Few days ago, a fellow programmer contacted me and revealed a project he has started:

MeetixOS - an operating system derived from the Ghost OS. It extends the kernel with some features and adds various applications.

https://github.com/MarcoCicognani/MeetiX-OS-Project

It is nice to see what's possible with the kernel already and what the Marco was able to build on top of it. Great work!

I'm very interested to see which way this project will go and how we can collaborate together.

Keep it up!

Sources version 0.5.6 are now in the GitHub repository! You can download the current demo file on the download page.

Made some improvements to the kernel and fixed a few minor issues in the libc and libapi. Improved how command line arguments are passed when loading binaries. Previously, the initialization routine running before the user's main function had to parse the arguments - now they are already parsed by gosh (the new Ghost shell) and provided bite-sized to the executable.

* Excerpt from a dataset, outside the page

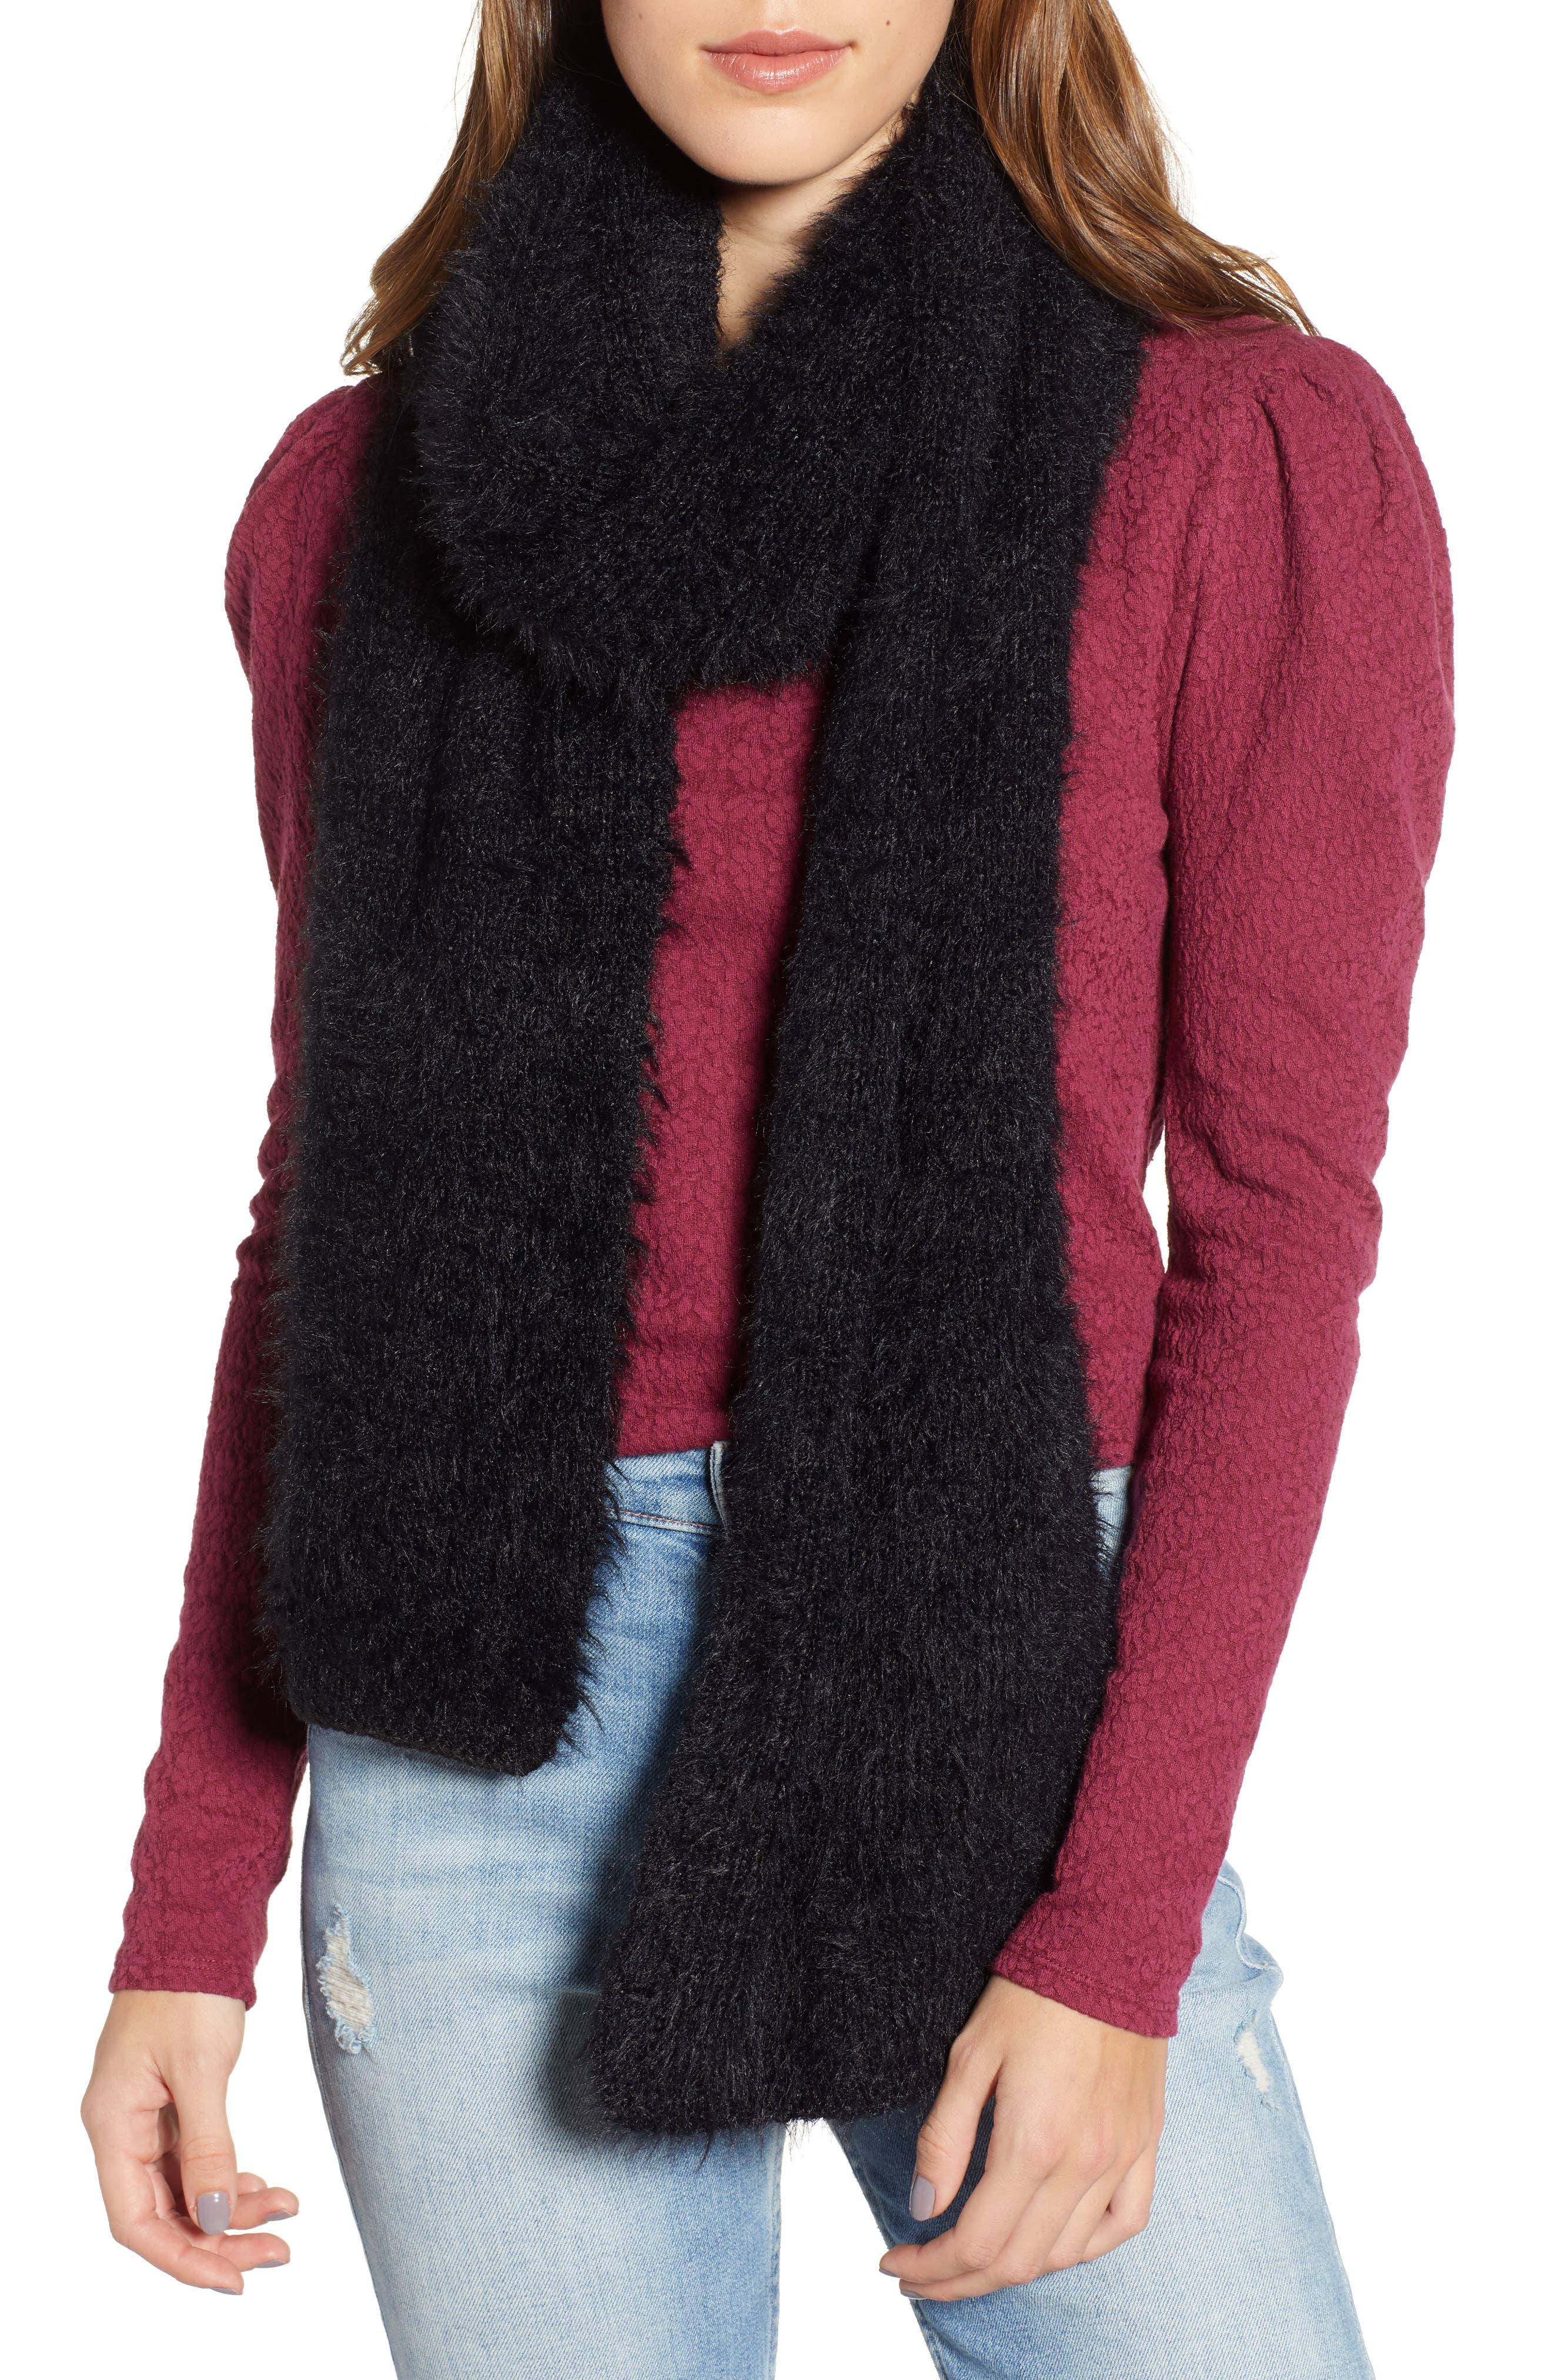 Eyleash Knit Muffler,                             Main thumbnail 1, color,                             BLACK

Most time was spent finishing the new terminal (that now responds well to escape sequences) and then starting a port of GNU bash. It depends on quite some POSIX/Unix functions that I had to implement/still have to implement to get it running. It compiles well now and tells me its version, but there is still some stuff to do.

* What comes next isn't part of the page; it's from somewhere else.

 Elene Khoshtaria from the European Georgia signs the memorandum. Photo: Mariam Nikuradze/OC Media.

Last but not least, I added a fancy boot screen to make it look a little nicer when starting up ;-)

Happy new year to all of you! :)

I rewrote the terminal driver so that it now uses VT100 for output. With this it is now possible that applications can control their terminal window by sending escaped commands.

This also allowed me to finally separate the shell implementation from the terminal itself (it was basically a "built-in shell" before). The shell is now found in gosh - the Ghost shell. This shell is still work-in-progress but will soon be enriched with various features.

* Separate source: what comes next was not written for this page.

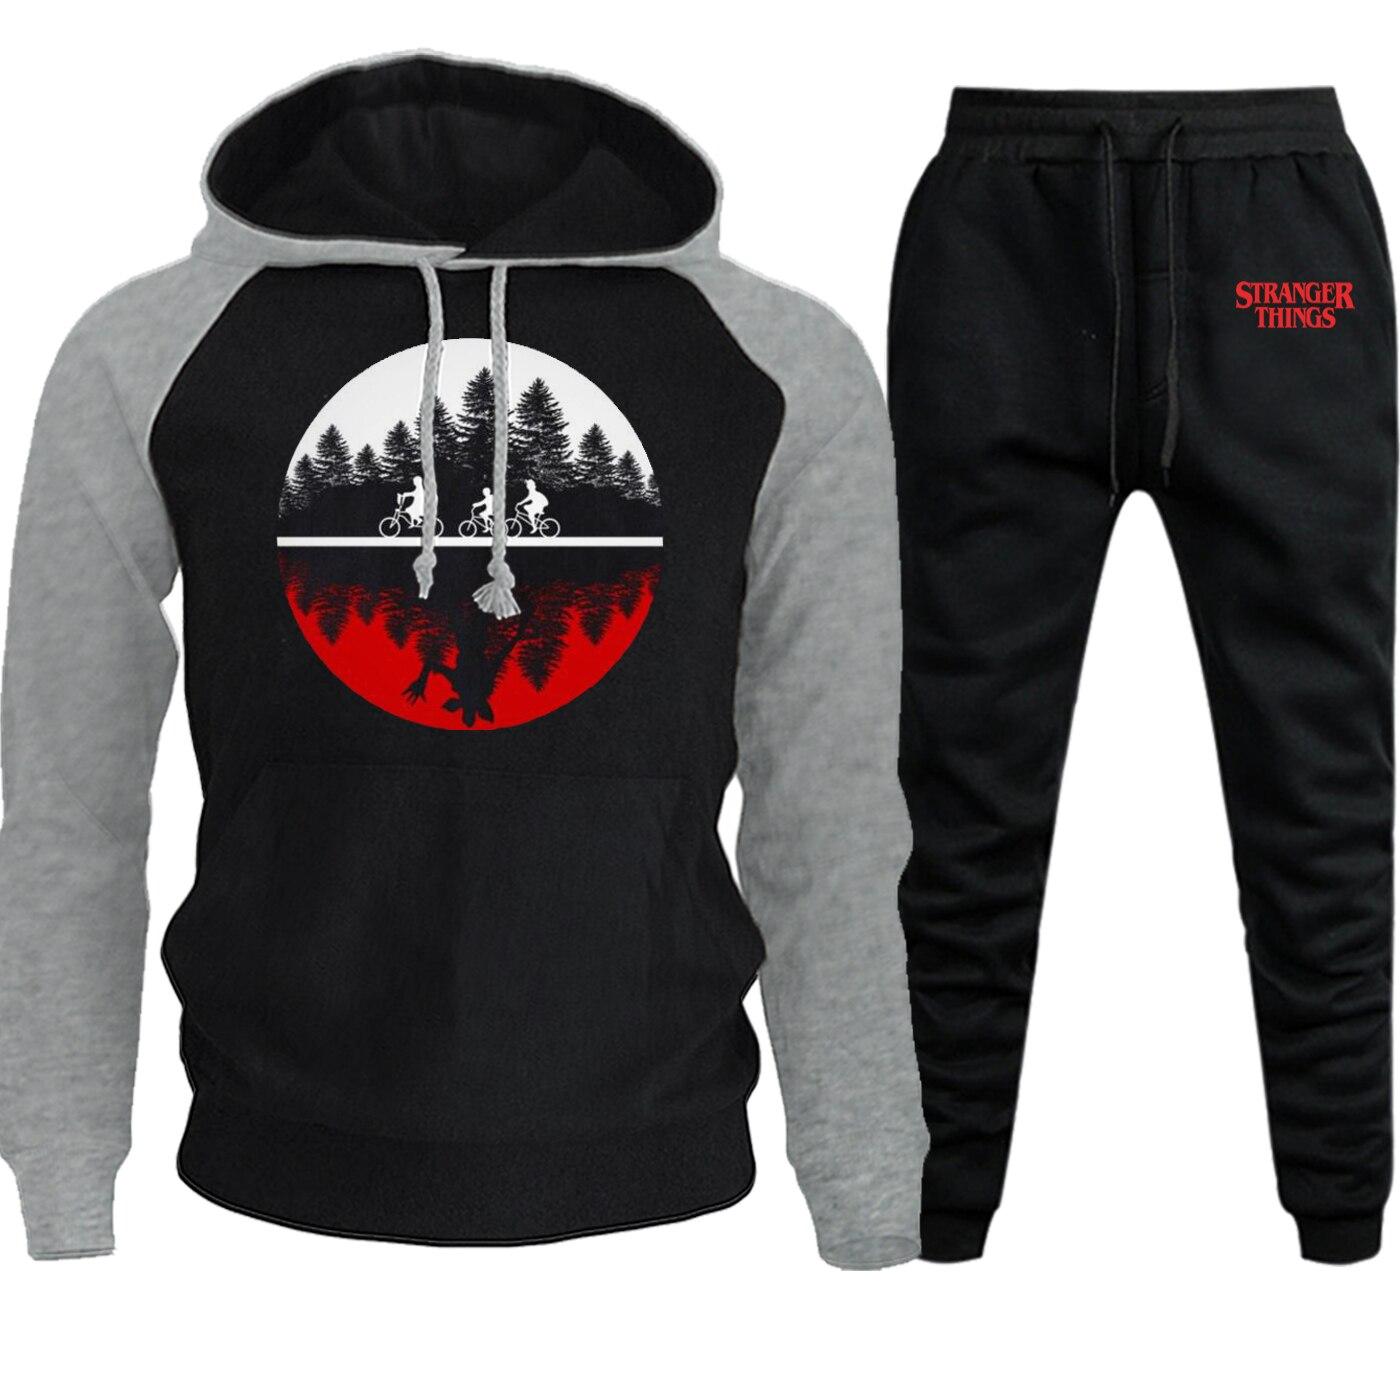 Stranger Things Printed Hooded 2019 Autumn Winter Sweatshirts Raglan Mens Hoodies Funny Suit Casual Pullover+Pants 2 Piece Sets

What you see in the screenshot is a little demo - I ported the Duktape JavaScript interpreter and made it run a script. I'm thinking about using this as a replacement for what bash/sh usually do, but this is just an idea for now.

After debugging for many hours, I finally got the canvas implementation to work nicely. It is now possible to perform drawing on a free canvas from any application. This is implemented using shared memory between applications and the window server.

The new canvas implementation finally allowed me to add a GUI mode for the terminal!

Here's a little video of it in action. It's still a bit laggy though :o)

The latest commit includes a canvas implementation and the first steps for an actual desktop.

A canvas component is needed to allow applications to freely draw on a buffer in memory, which is usually only done by window server. The use case for this canvas is for example drawing a task-bar from within the desktop application or providing a space to draw images from client-side. It will also be the basis for other user-drawn components.

Unlike other UI components, the content of a canvas is entirely rendered by the component creator instead of the server. The implementation for this is done with a combination of shared memory and messaging. The client requests creation of a canvas component just as with any other component, and the window server notifies the client with events when the buffer has been allocated.

The most challenging issue with a shared memory buffer is avoiding the client application to cause faulty memory accesses when the buffer needs to be resized (i.e. after relayouting). This is now solved by simply retaining the previous buffer until the client application sends an acknowledge message to the window server. This consumes more memory until the buffer is acknowledged but improves stability. A nice little discussion on this topic was led in the OSDev forums.